* [DESCRIPTION OF THE TASK]: Copy the data verbatim and leave out every picture.

***** DATA *****

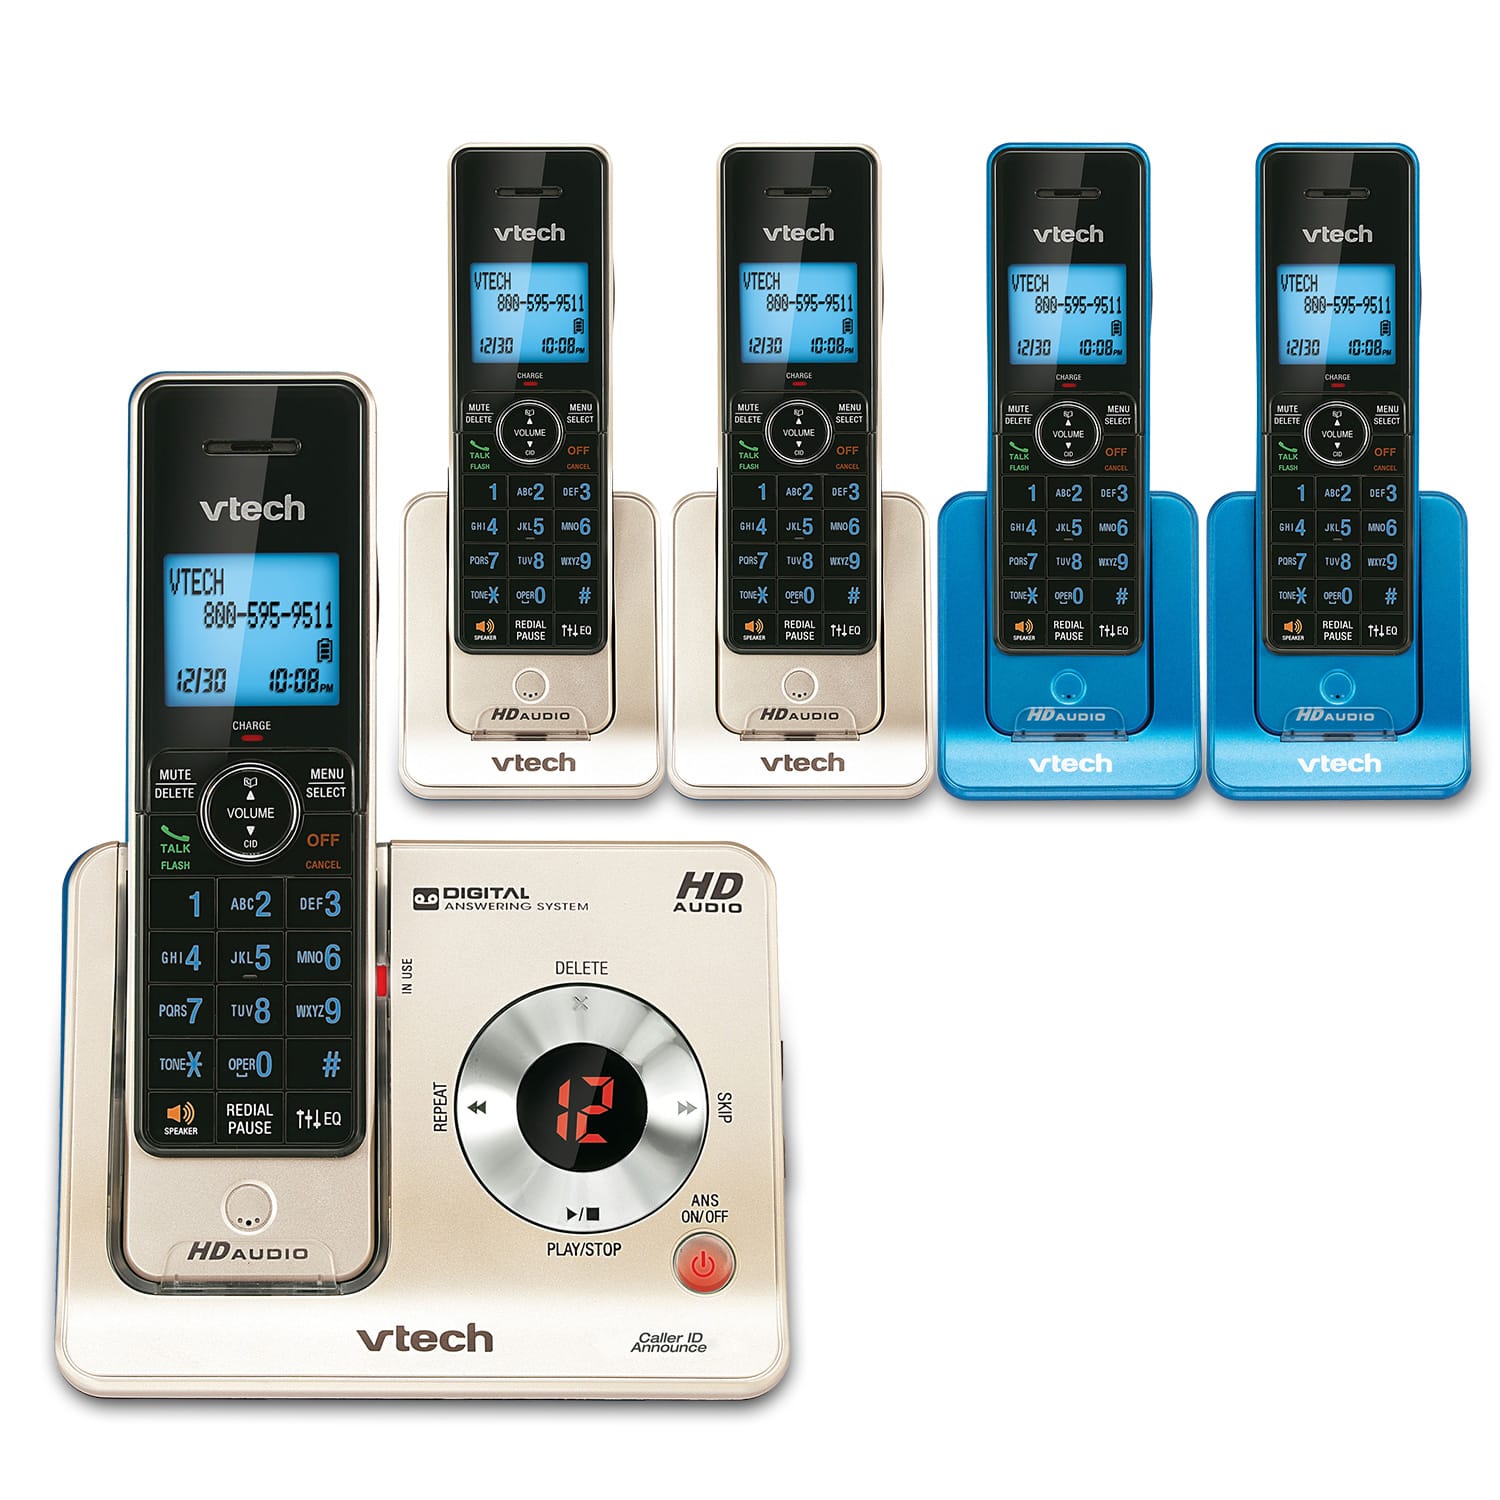 5 Handset Phone System with Caller ID/Call Waiting - view 1
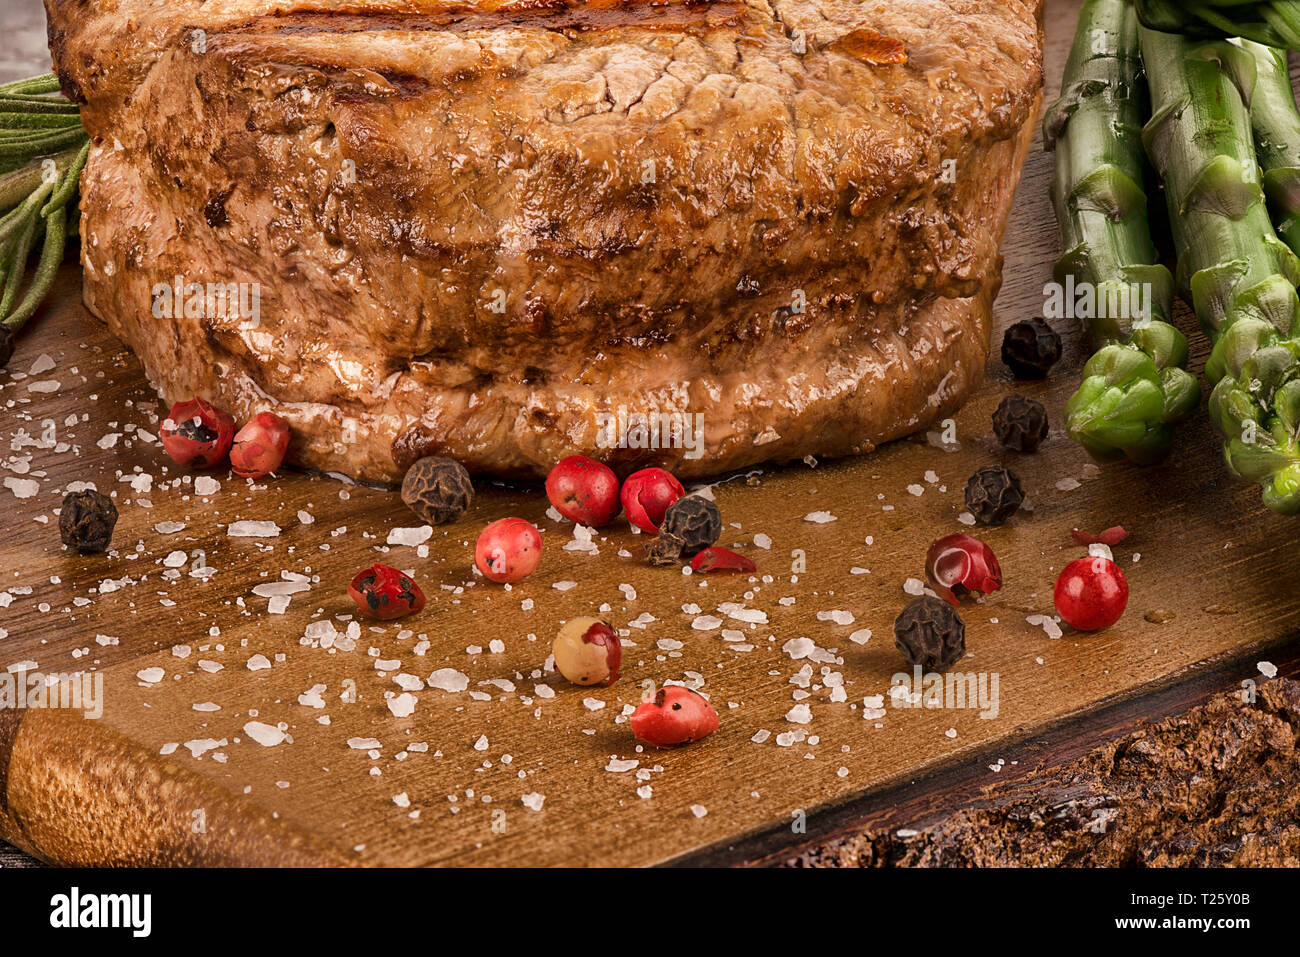 Close up on fillet mignon with asparagus on the side. Stock Photo
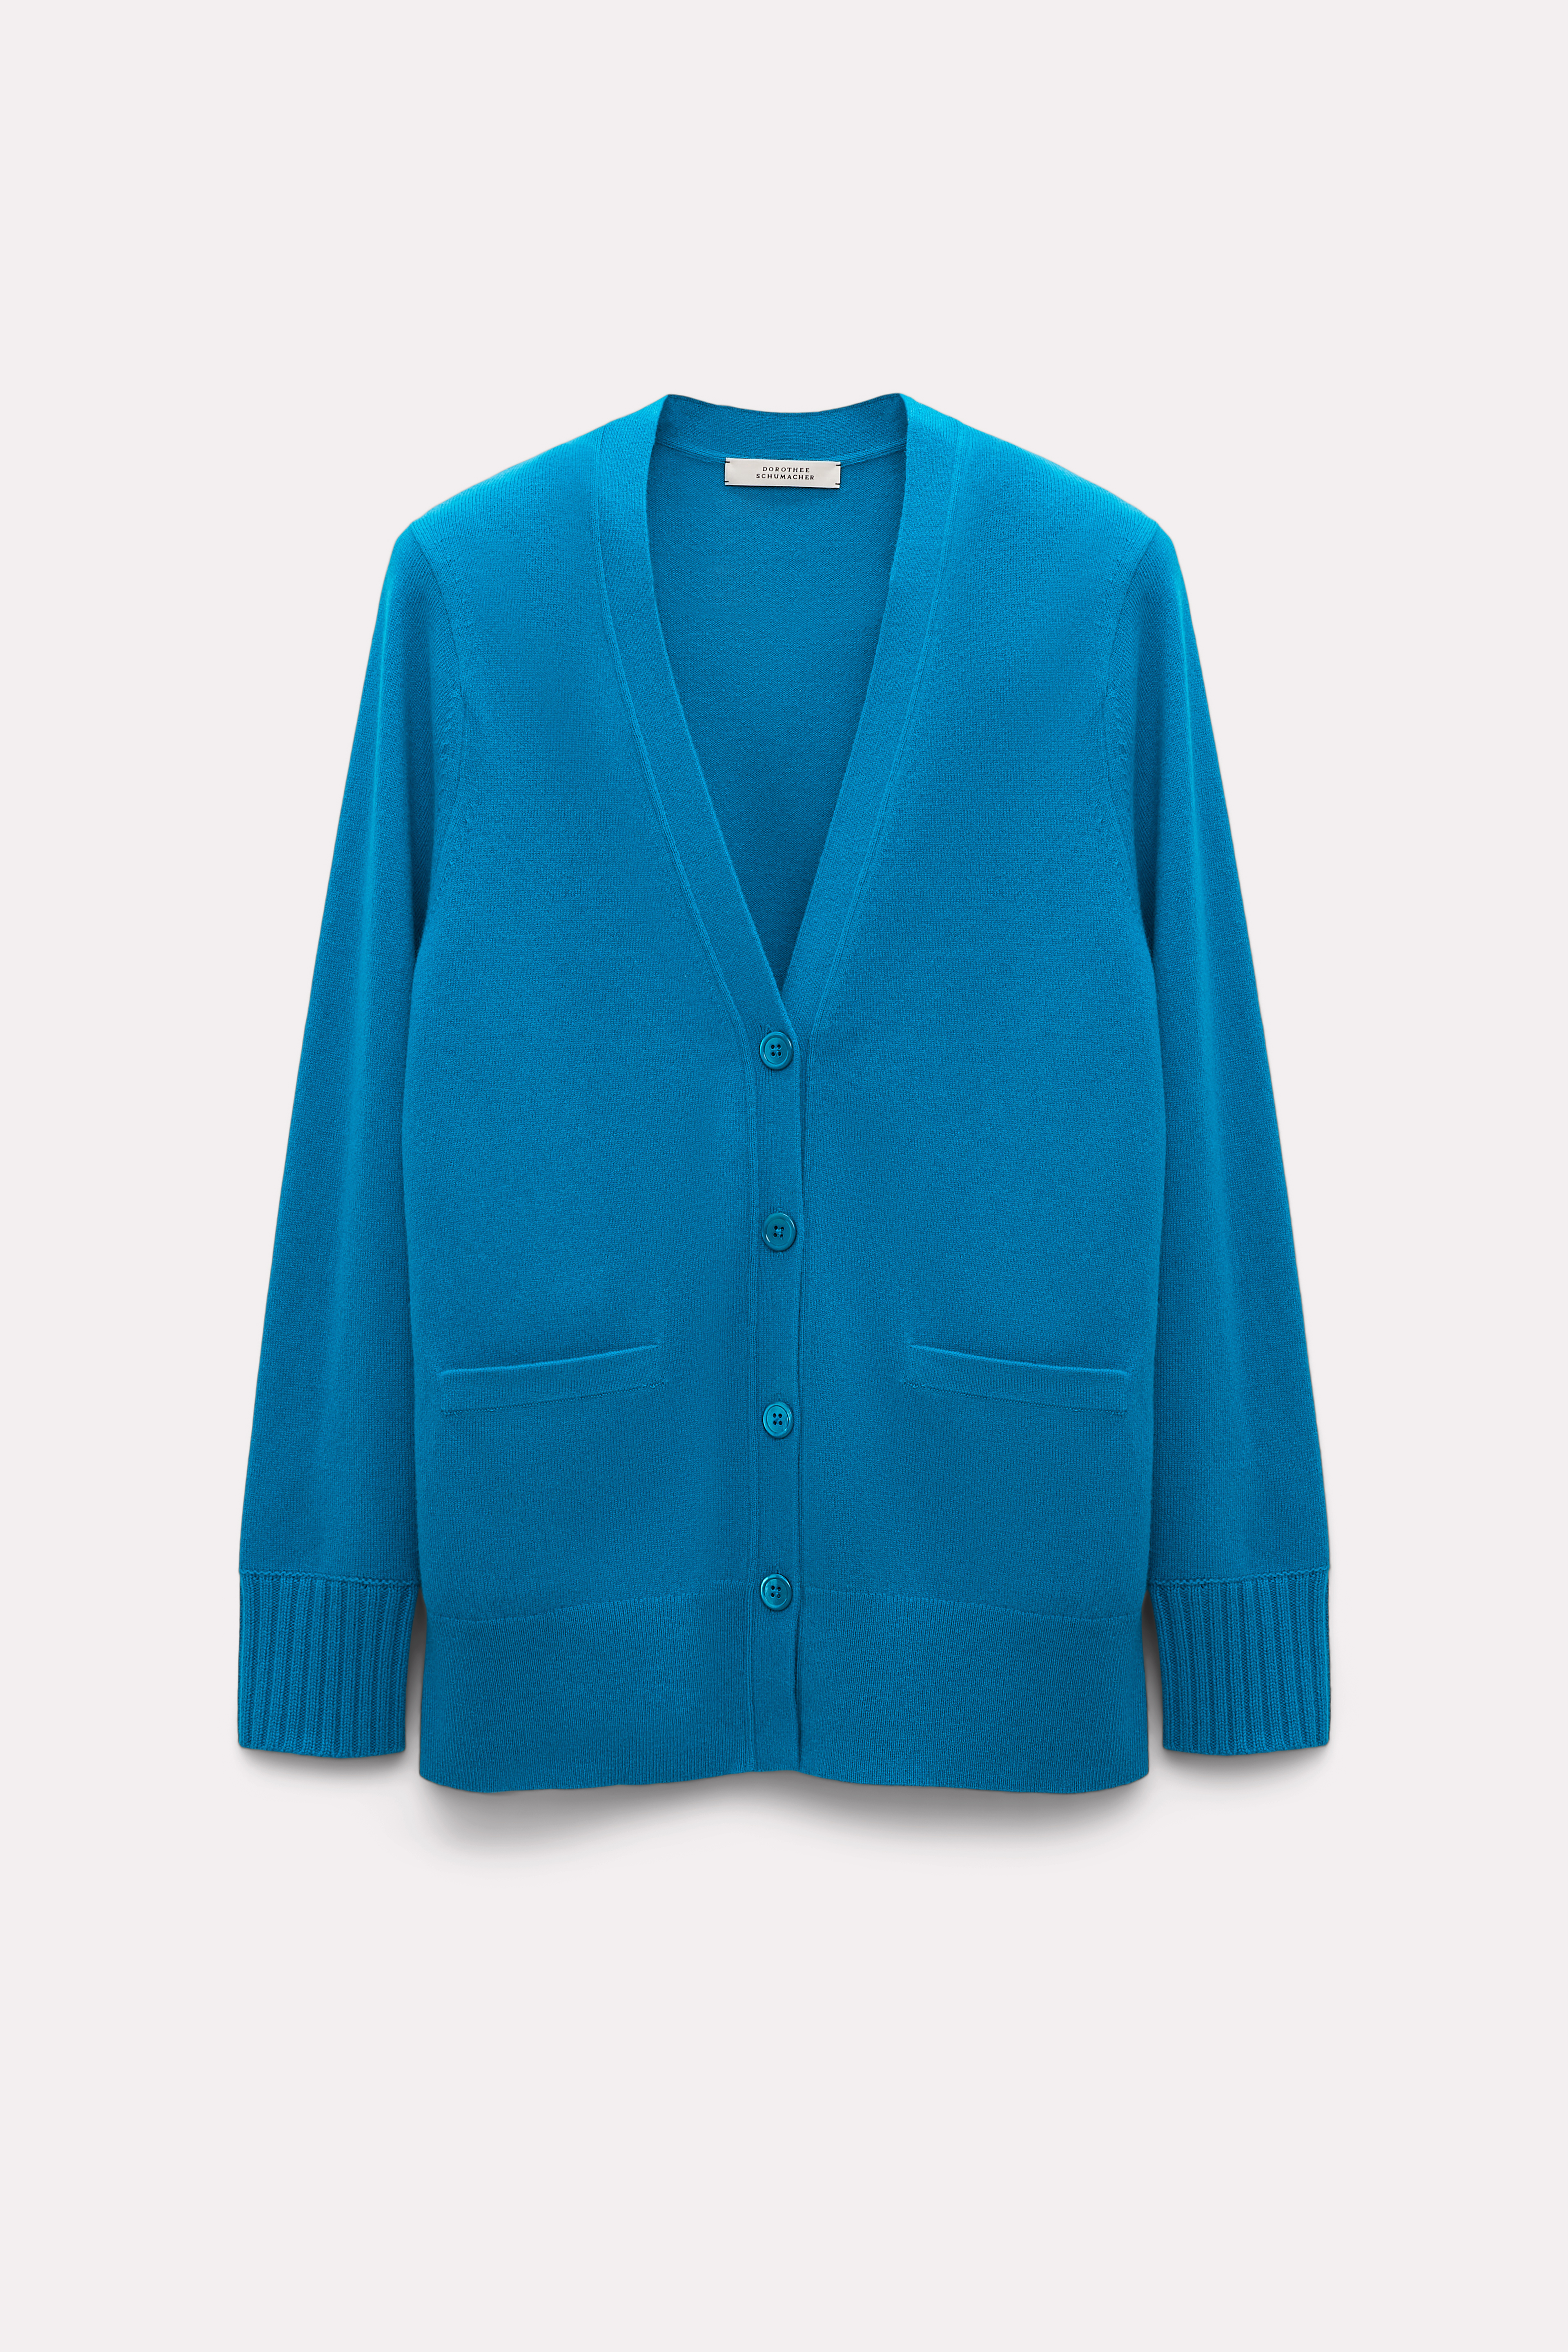 Dorothee Schumacher Cardigan With Pockets In Blue

*****

* [SOLUTION]:
 5 Handset Phone System with Caller ID/Call Waiting - view 1
 Close up on fillet mignon with asparagus on the side. Stock Photo
 Dorothee Schumacher Cardigan With Pockets In Blue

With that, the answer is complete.